Jeff Masters: April 2014 Tied for Earth's Warmest April on Record

by Dr. Jeff Masters, wunderground, May 20, 2014
April 2014 tied with April 2010 as Earth's warmest April since records began in 1880, said NOAA's National Climatic Data Center (NCDC) today, making April the first month since November 2013 to set a global monthly temperature record. NASA rated April 2014 as the 2nd warmest April on record; global land temperatures were the 3rd warmest on record, as were global ocean temperatures. The year-to-date January-April period has been the 6th warmest on record for the globe. Global satellite-measured temperatures in April 2013 for the lowest 8 km of the atmosphere were 11th or 7th warmest in the 36-year record, according to Remote Sensing Systems and the University of Alabama Huntsville (UAH), respectively. Northern Hemisphere snow cover during April was the 6th lowest in the 48-year record. Wunderground's weather historian, Christopher C. Burt, has a comprehensive post on the notable weather events of April 2014 in his April 2014 Global Weather Extremes Summary. 

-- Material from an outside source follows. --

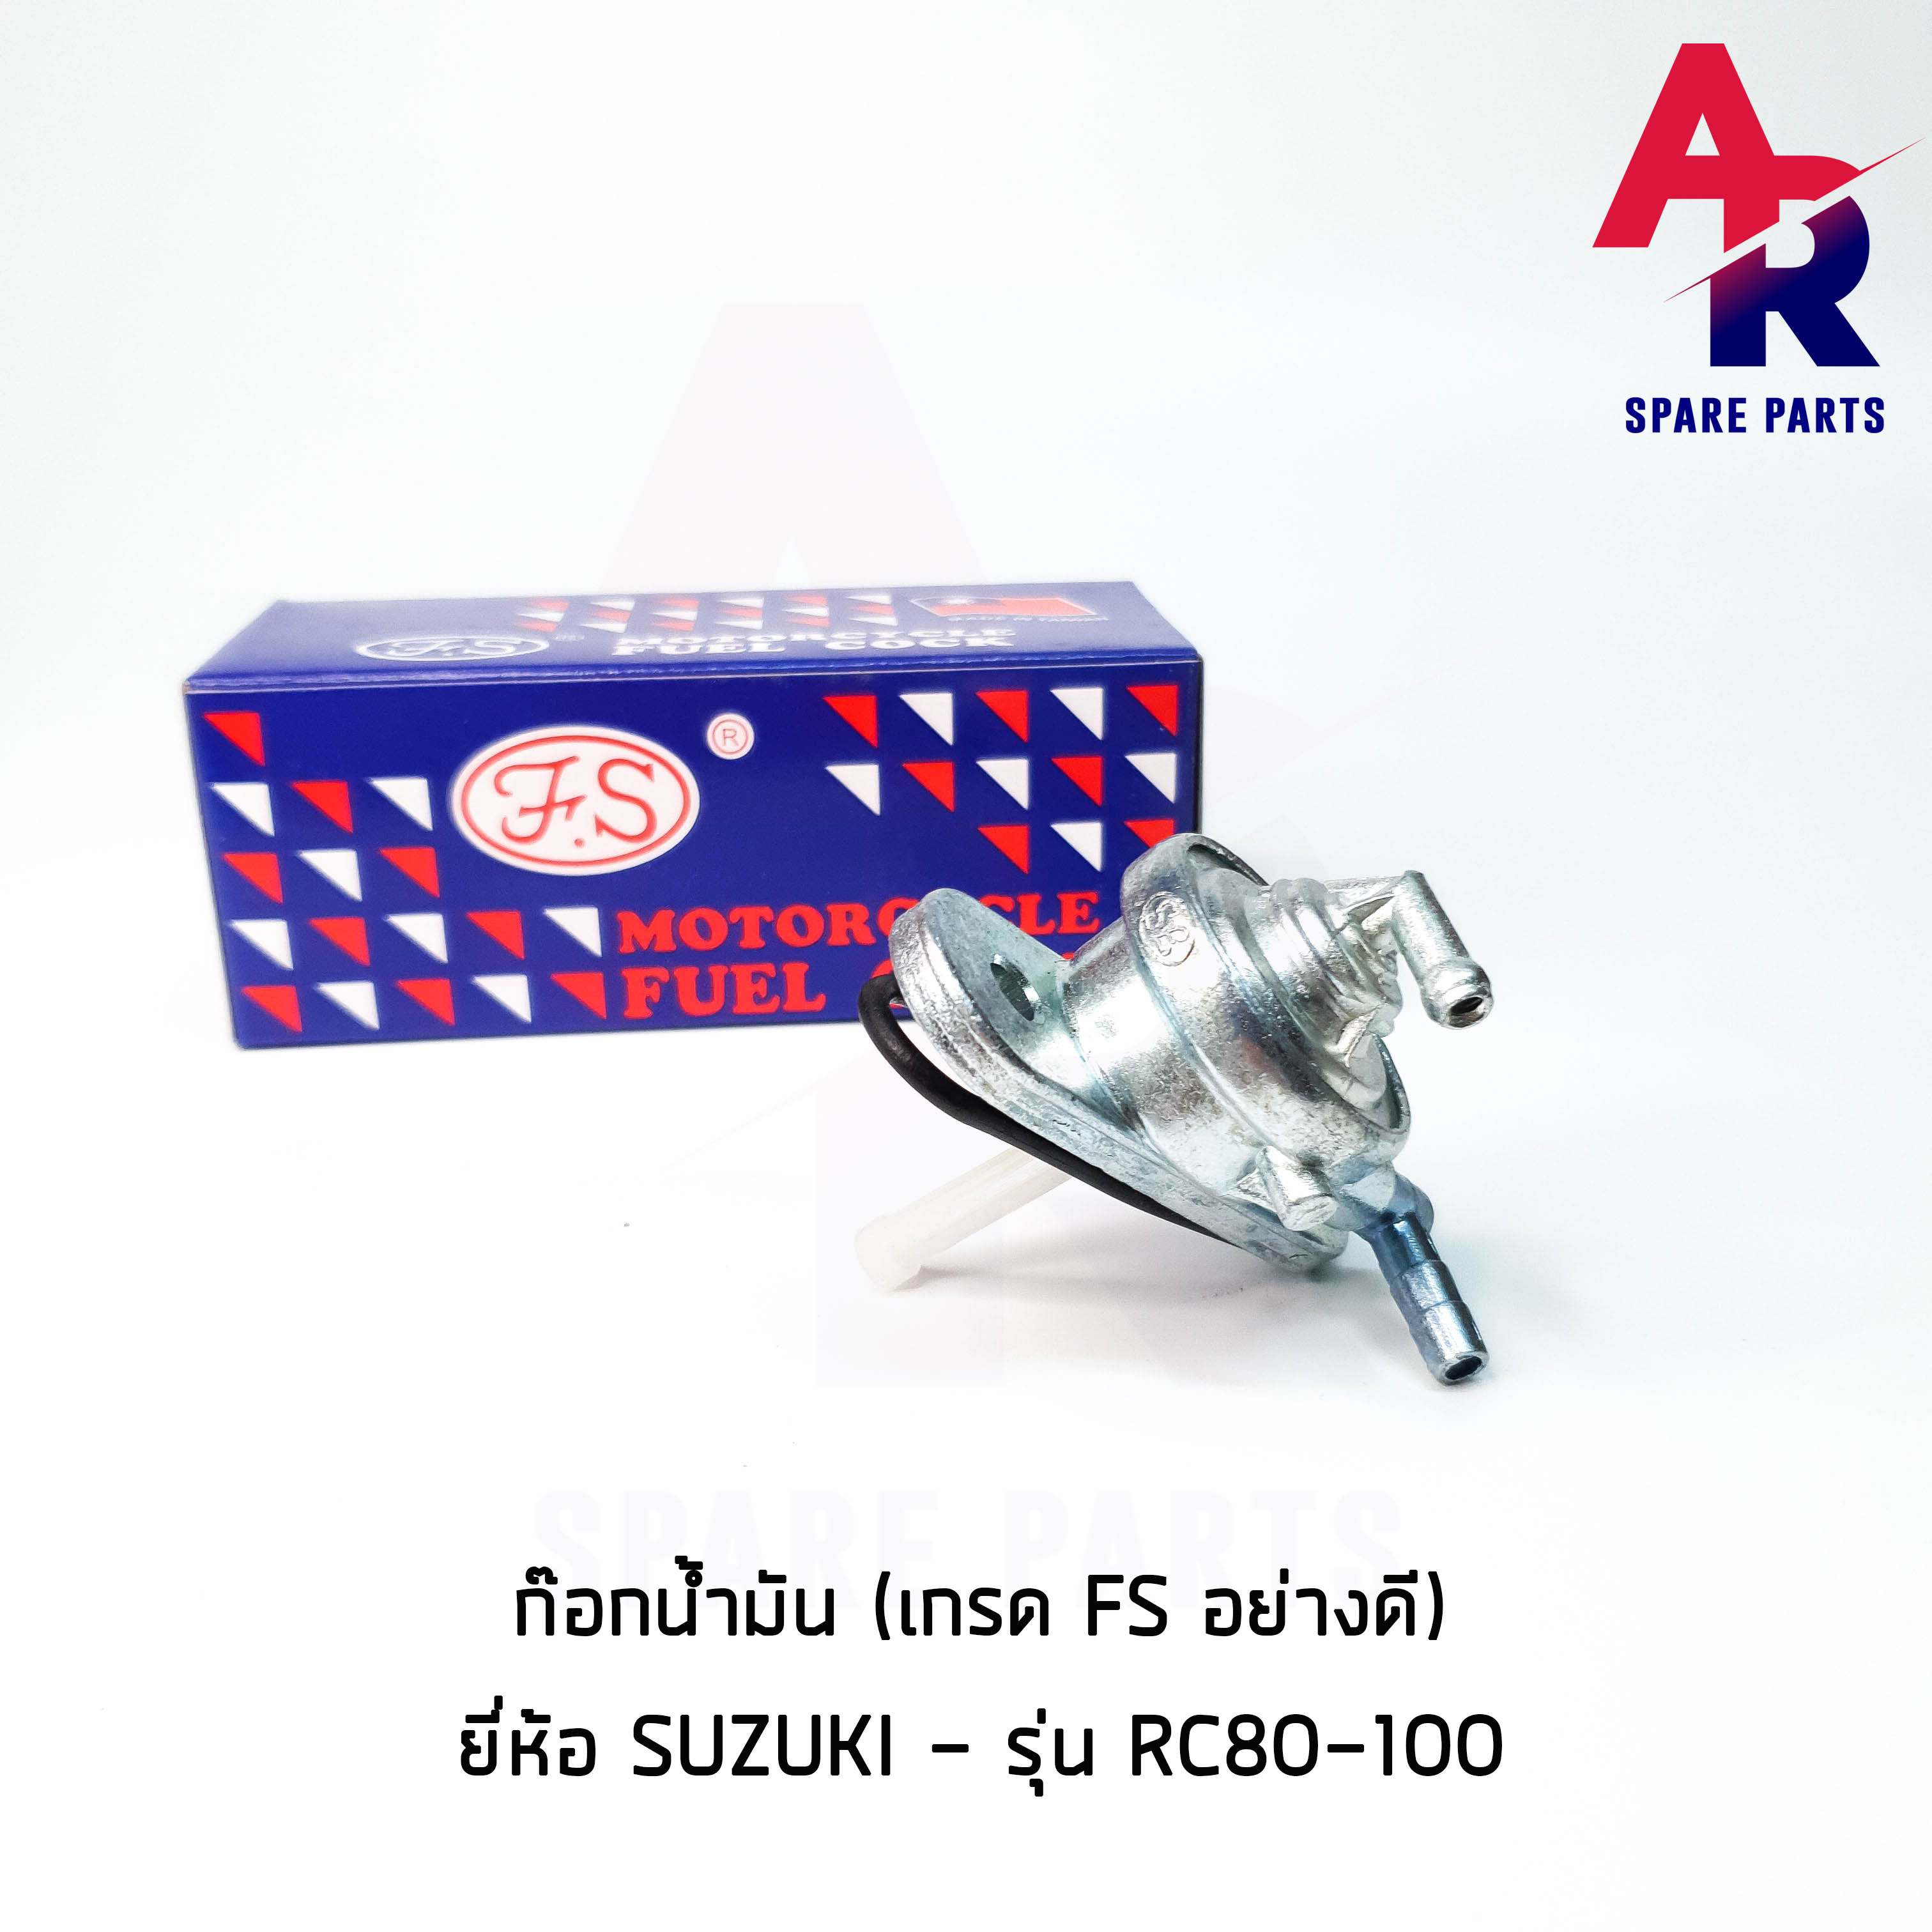 [FS] ก๊อกน้ำมัน SUZUKI - RC80-100 เกรด FS อย่างดี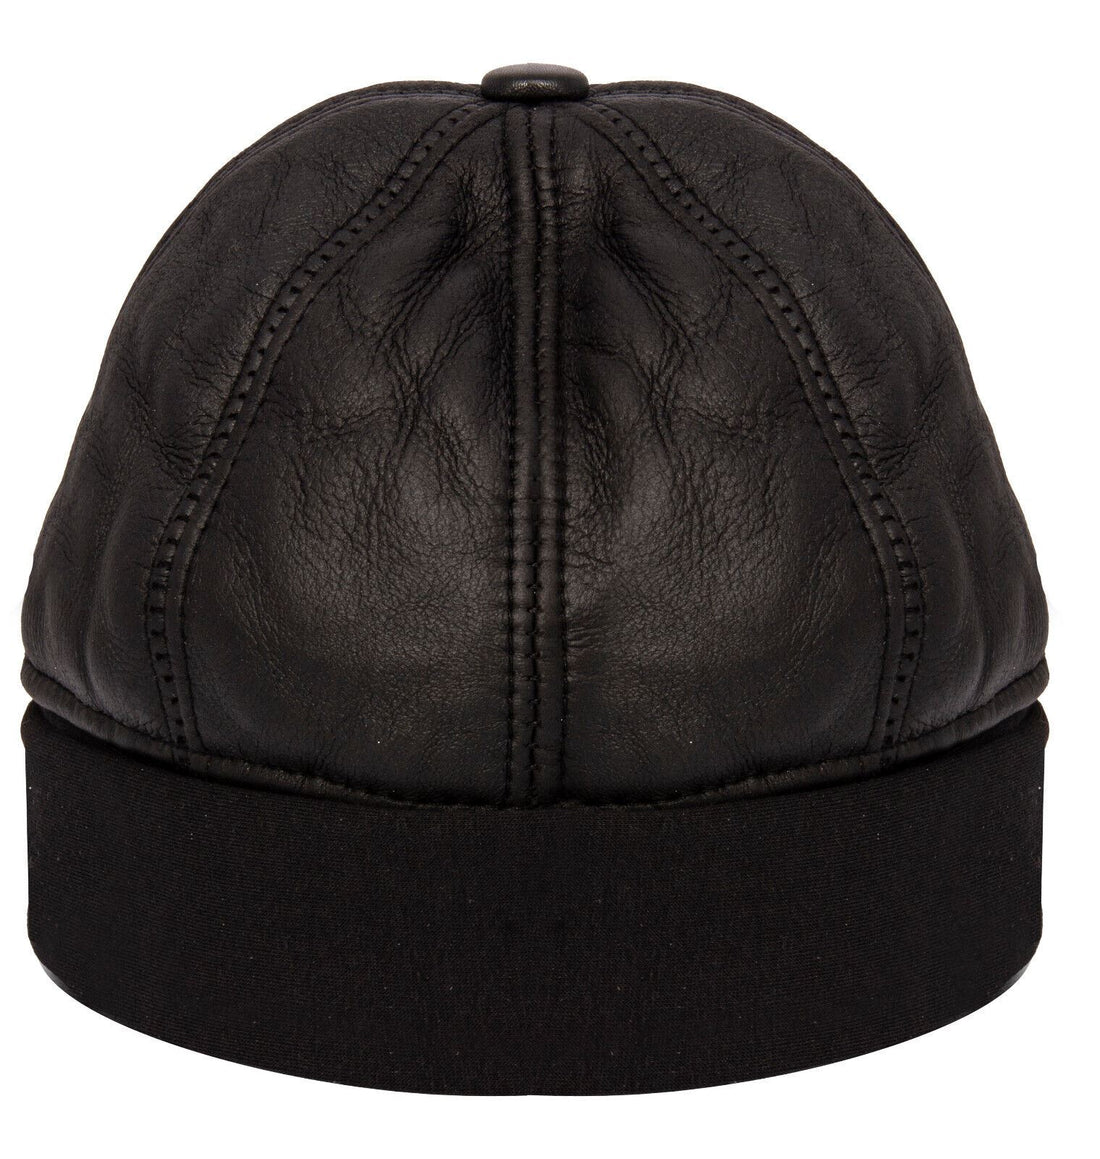 Mens Leather Black Beanie Hat 100% Sheepskin Winter 6 Panel Hat One size - Upperclass Fashions

Figure 1. Departure of temperature from average for April 2014, the warmest April for the globe since record keeping began in 1880. Much of central Siberia observed temperatures more than 9 °F (5 °C) above the 1981-2010 average. This region, along with parts of eastern Australia and scattered regions in every major ocean basin, were record warm. Many nations in Europe experienced a top-ten warmest April, including Spain (2nd), Germany (4th), United Kingdom (4th), Denmark (4th), Norway (7th), and Austria (10th). Parts of southern and eastern Canada, the northern U.S., and southern Kazakhstan were cooler than average. No land areas were record cold. Image credit: National Climatic Data Center (NCDC).

Three billion-dollar weather disasters in April 2014
Three billion-dollar weather-related disasters hit the Earth during April 2014, according to the April 2014 Catastrophe Report from insurance broker Aon Benfield: 

Disaster 1. The Western U.S. drought of 2014 now has damages estimated at $4 billion. Most of these losses are in California, where the California Farm Water Coalition has cited agricultural damages of $3.6 billion. In this photo, we see one of the key water supply reservoirs for Central California, Lake Oroville, on January 20, 2014. Thanks to an unusually intense ridge of high pressure over Western North America, California endured its driest November-January period on record this past winter. Image credit: California Department of Water Resources.

Disaster 2. The U.S. tornado outbreak of April 27-May 1 killed 39 and caused at least $2 billion in damage. Eleven tornadoes rated EF-3 or higher touched down, including two EF-4 tornadoes. in this photo we see tornado damage in Tupelo, Mississippi, from an EF-3 tornado that hit on April 28, 2014, killing one person. (J. Robert Senseman)

Disaster 3. Visible satellite image of Tropical Cyclone Ita taken at 04 UTC April 11, 2014. At the time, Ita was a Category 4 storm with 145 mph sustained winds. Ita ravaged agriculture in Queensland, Australia, resulting in $1 billion in damage. Image credit: NASA.

An El Niño Watch continues 
April 2014 featured neutral El Niño conditions in the equatorial Eastern Pacific, but NOAA has issued an El Niño Watch for the summer and fall of 2014, giving a greater than 65% chance that an El Niño event will occur by the summer. I made a detailed post on El Niño on May 12.

Arctic sea ice falls to 5th lowest April extent on record 
Arctic sea ice extent during April was 5th lowest in the 36-year satellite record, according to the National Snow and Ice Data Center (NSIDC). The winter maximum extent of Arctic sea ice came on March 21, and was the 5th lowest such peak on record. Temperatures over most of the Arctic Ocean were 1-3 °C (2-5 °F) above average during April.